Se trata de un tema muy debatido en filosofía: algunos niegan el ejercicio efectivo de la libertad individual, como Spinoza, mientras que otros consideran la libertad como una condición inherente a la naturaleza humana, como Descartes. Quien niega la posibilidad de un ejercicio real de la libertad se refiere principalmente a la dependencia de la vida misma de las leyes de la naturaleza, por las exigencias de nuestra parte física. Estamos atados a nuestro cuerpo y el instinto nos exige la satisfacción de sus necesidades. Pero la humanidad ha sabido liberarse de los caprichos de la naturaleza, y hoy las necesidades básicas relacionadas con la mera supervivencia ya no son (al menos para muchas personas) el único factor determinante de sus actos. Por lo tanto, un ser humano puede dedicarse realmente a la satisfacción de los deseos, a cultivar sus pasiones y expresar toda la creatividad de que es capaz y, siguiendo la inspiración de su voluntad, dirigirla hacia lo que le proporciona más alegría y placer. ¿Es éste un ejercicio efectivo de la libertad? Schopenhauer decía: «Un hombre puede hacer lo que quiere, pero no querer lo que quiere», porque el objeto de su deseo no nace de una libre determinación de la voluntad, es más bien ésta la que está determinada por el deseo mismo, volviéndose adicta a él. Sin embargo, incluso los estímulos que nos afectan pueden controlarse e incluso expulsarse de nuestras vidas.

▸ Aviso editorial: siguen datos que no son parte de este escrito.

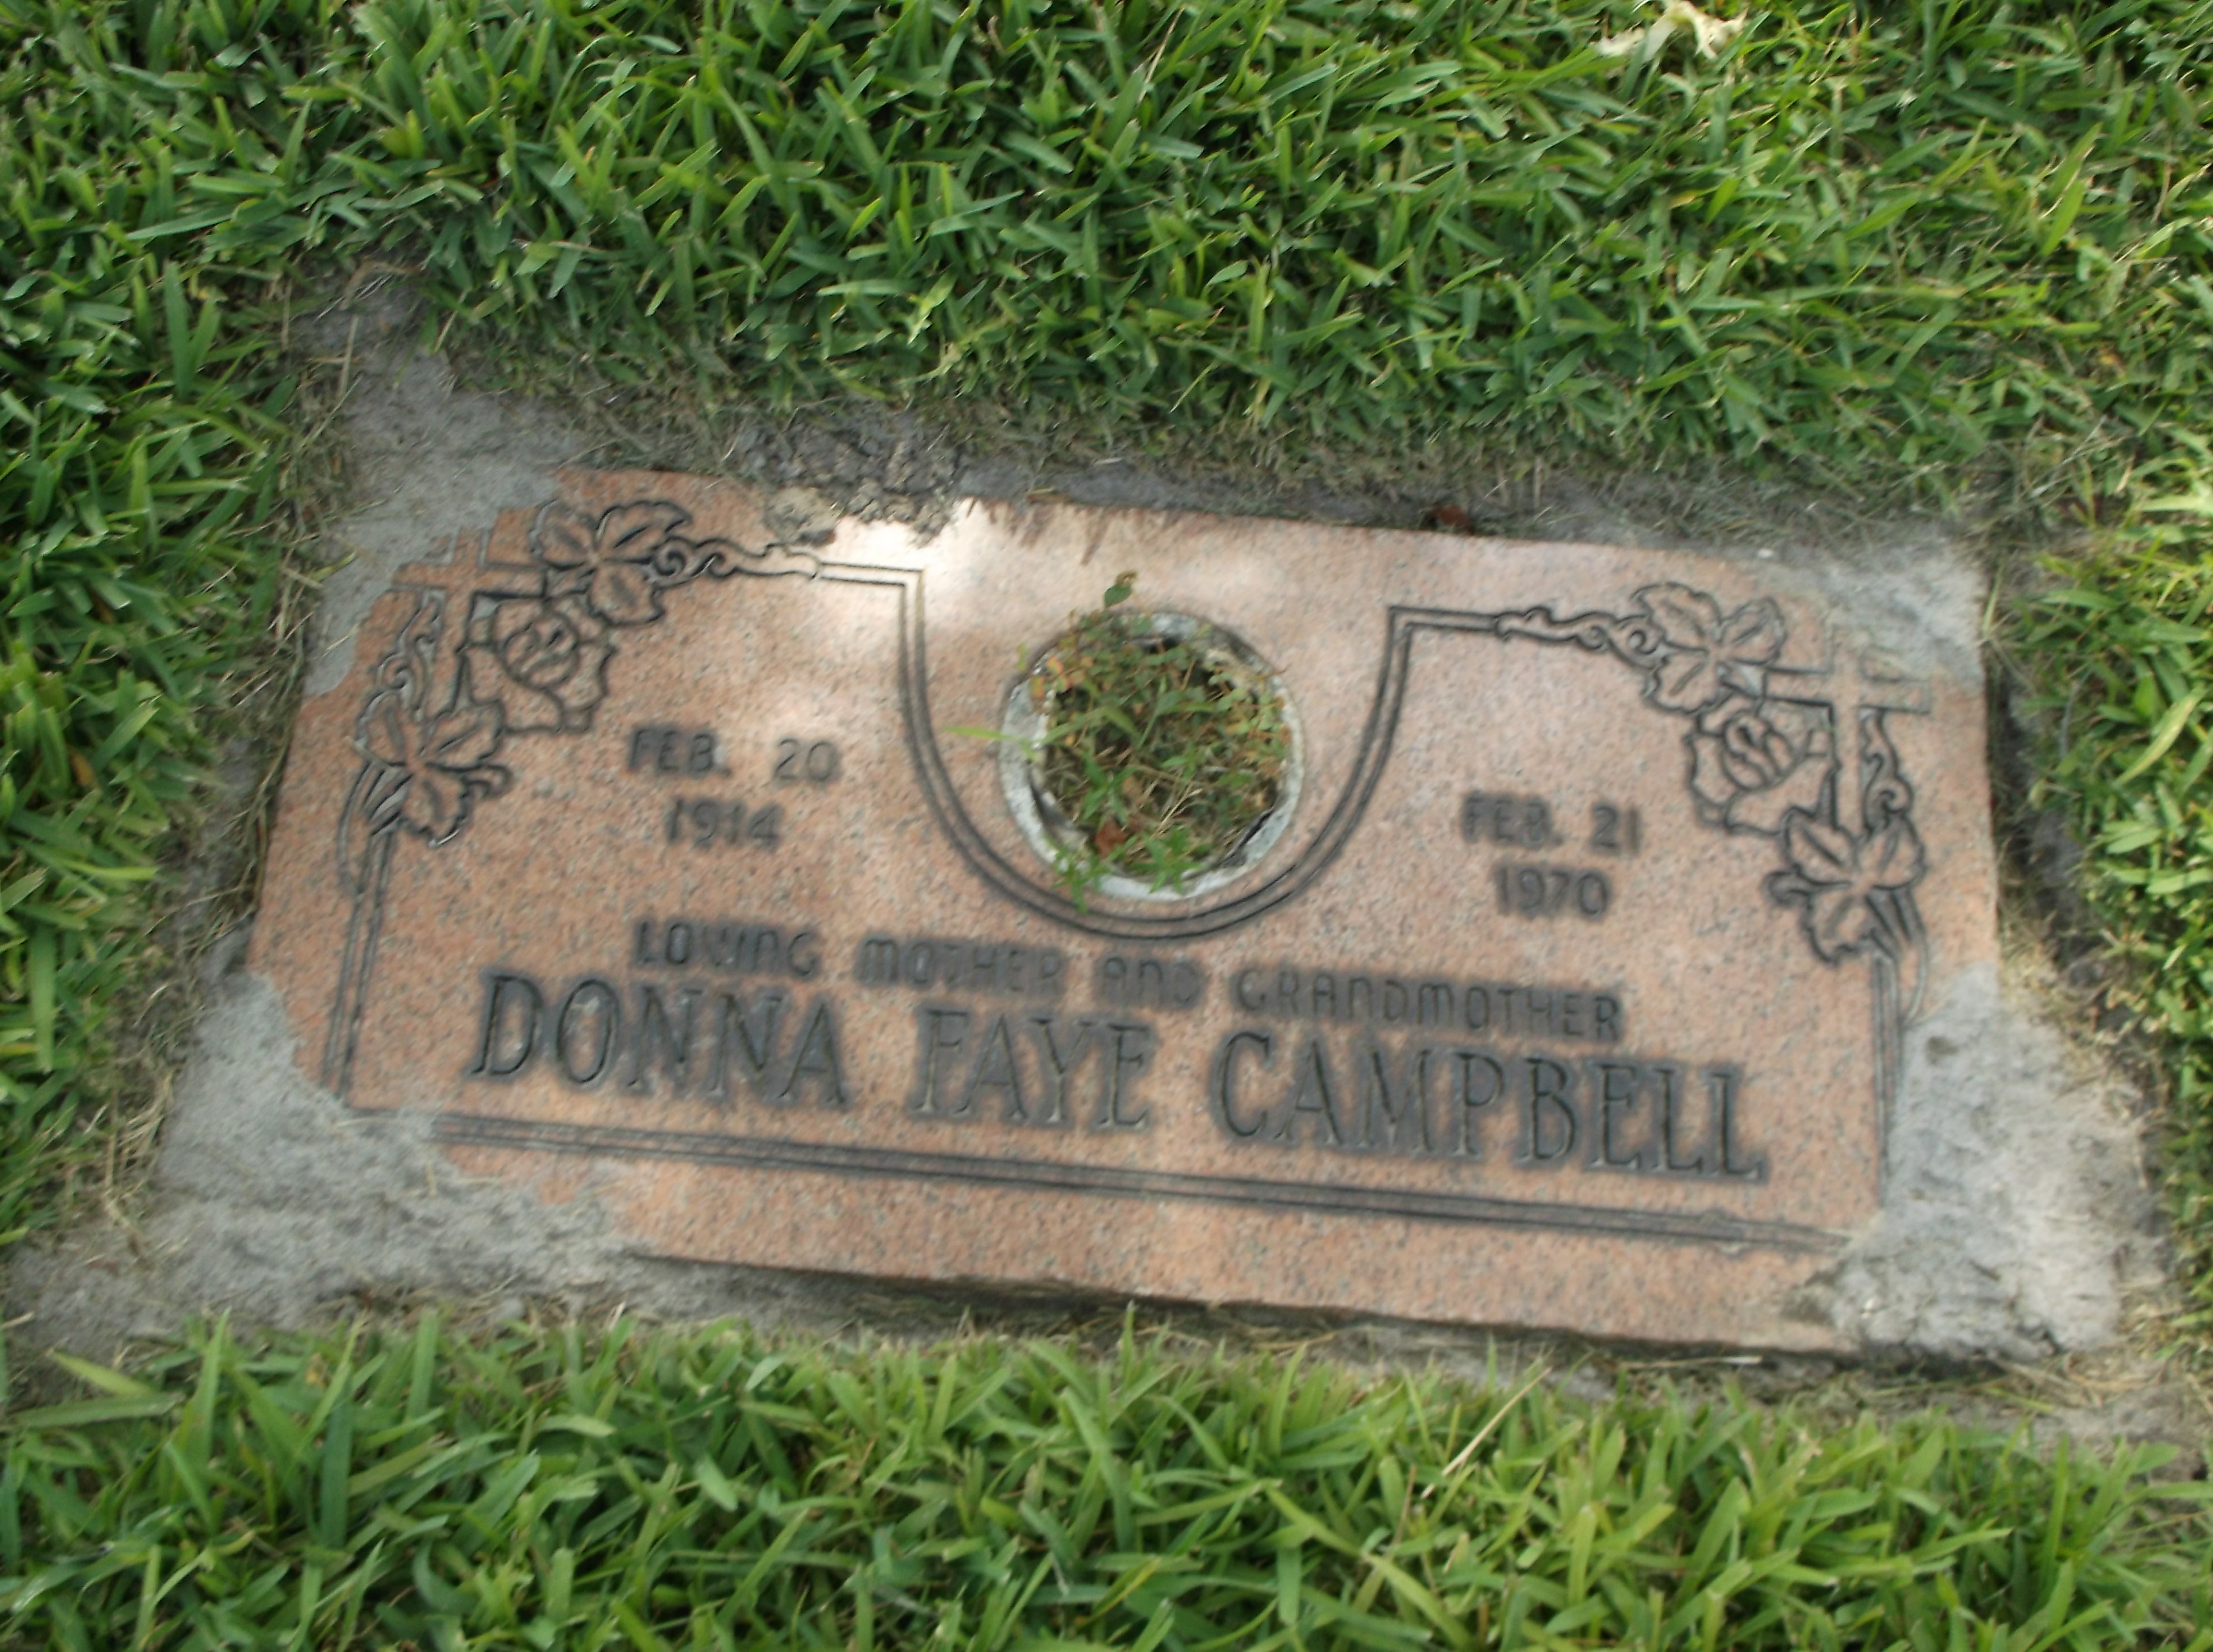 Donna Faye Campbell

Entonces, ¿somos libres en nuestras determinaciones o estamos atados, forzados por nuestra propia naturaleza?
Ampliando la perspectiva a toda la creación, el tema puede plantearse así: ¿es el mundo tal como lo conocemos el resultado de leyes estrictas que determinaron su desarrollo pasado y rigen el futuro, sin posibilidad de interferir en ninguna de ellas? ¿O es el mundo el resultado de la libre interacción de sus componentes, que determinaron uno de sus posibles desarrollos sin influir también en los futuros?
Aquí es donde la ciencia viene en nuestra ayuda. Según Einstein, el universo se mueve siguiendo una necesidad física precisa: «Dios no juega a los dados con el universo», solía decir. Para los físicos cuánticos, el universo no tiene una estructura determinista, sino que responde a principios probabilísticos que sólo existen en relación con los observadores. «Einstein, no le digas a Dios lo que tiene que hacer», le respondía Niels Bhor. Incluso la propia estructura de la materia, lo «más real» que somos capaces de evaluar, parece adolecer de esa dualidad y esas contradicciones que asolan la esfera de la acción humana.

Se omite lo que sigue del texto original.